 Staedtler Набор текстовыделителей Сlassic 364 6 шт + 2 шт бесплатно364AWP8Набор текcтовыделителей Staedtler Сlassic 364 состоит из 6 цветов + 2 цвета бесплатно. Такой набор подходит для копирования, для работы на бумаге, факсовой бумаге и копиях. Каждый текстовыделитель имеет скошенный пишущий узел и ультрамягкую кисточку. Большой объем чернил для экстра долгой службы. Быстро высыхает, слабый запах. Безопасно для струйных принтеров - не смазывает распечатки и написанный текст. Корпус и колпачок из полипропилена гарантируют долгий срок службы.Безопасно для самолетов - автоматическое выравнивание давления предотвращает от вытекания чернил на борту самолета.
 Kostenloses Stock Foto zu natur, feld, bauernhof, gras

* * *

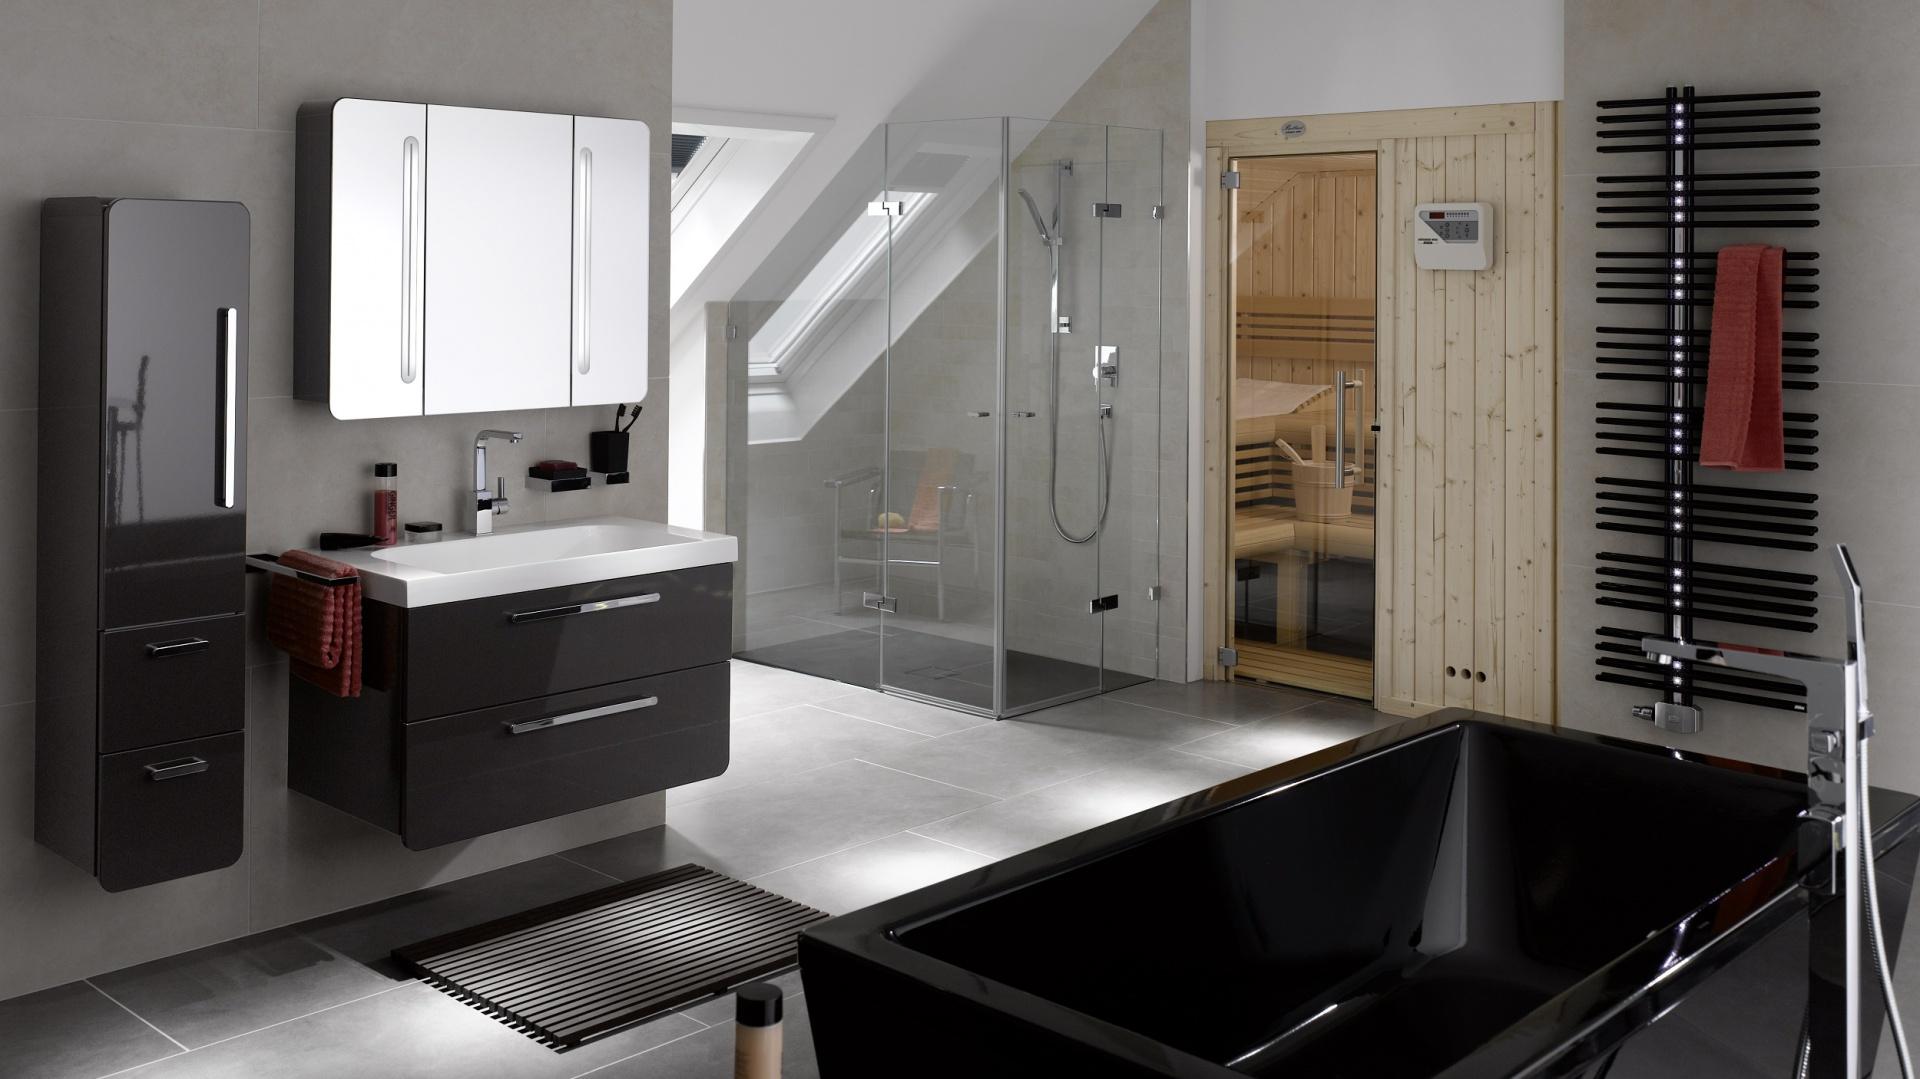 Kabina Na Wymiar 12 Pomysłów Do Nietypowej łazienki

* * *

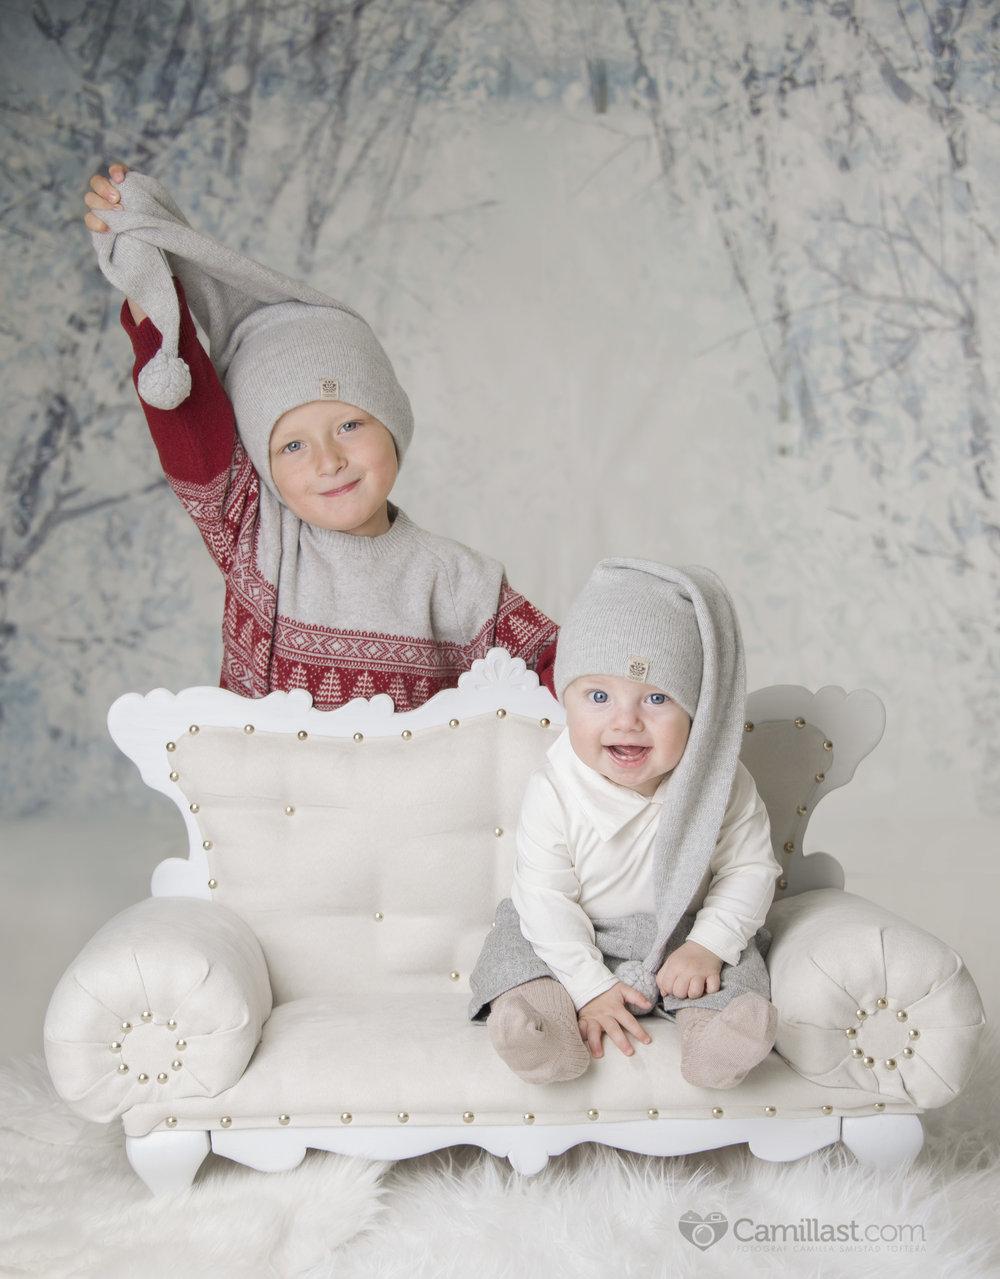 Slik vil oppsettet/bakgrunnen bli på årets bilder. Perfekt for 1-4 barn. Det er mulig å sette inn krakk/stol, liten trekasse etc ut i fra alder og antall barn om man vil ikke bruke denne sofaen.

• _Work order_
Output, from the data above, the lines from the line with "Staedtler Набор текстовыделителей" to the line with "Kostenloses Stock Foto" exactly as they stand, both ends included and nothing else.

• _Reply to the task_
 Staedtler Набор текстовыделителей Сlassic 364 6 шт + 2 шт бесплатно364AWP8Набор текcтовыделителей Staedtler Сlassic 364 состоит из 6 цветов + 2 цвета бесплатно. Такой набор подходит для копирования, для работы на бумаге, факсовой бумаге и копиях. Каждый текстовыделитель имеет скошенный пишущий узел и ультрамягкую кисточку. Большой объем чернил для экстра долгой службы. Быстро высыхает, слабый запах. Безопасно для струйных принтеров - не смазывает распечатки и написанный текст. Корпус и колпачок из полипропилена гарантируют долгий срок службы.Безопасно для самолетов - автоматическое выравнивание давления предотвращает от вытекания чернил на борту самолета.
 Kostenloses Stock Foto zu natur, feld, bauernhof, gras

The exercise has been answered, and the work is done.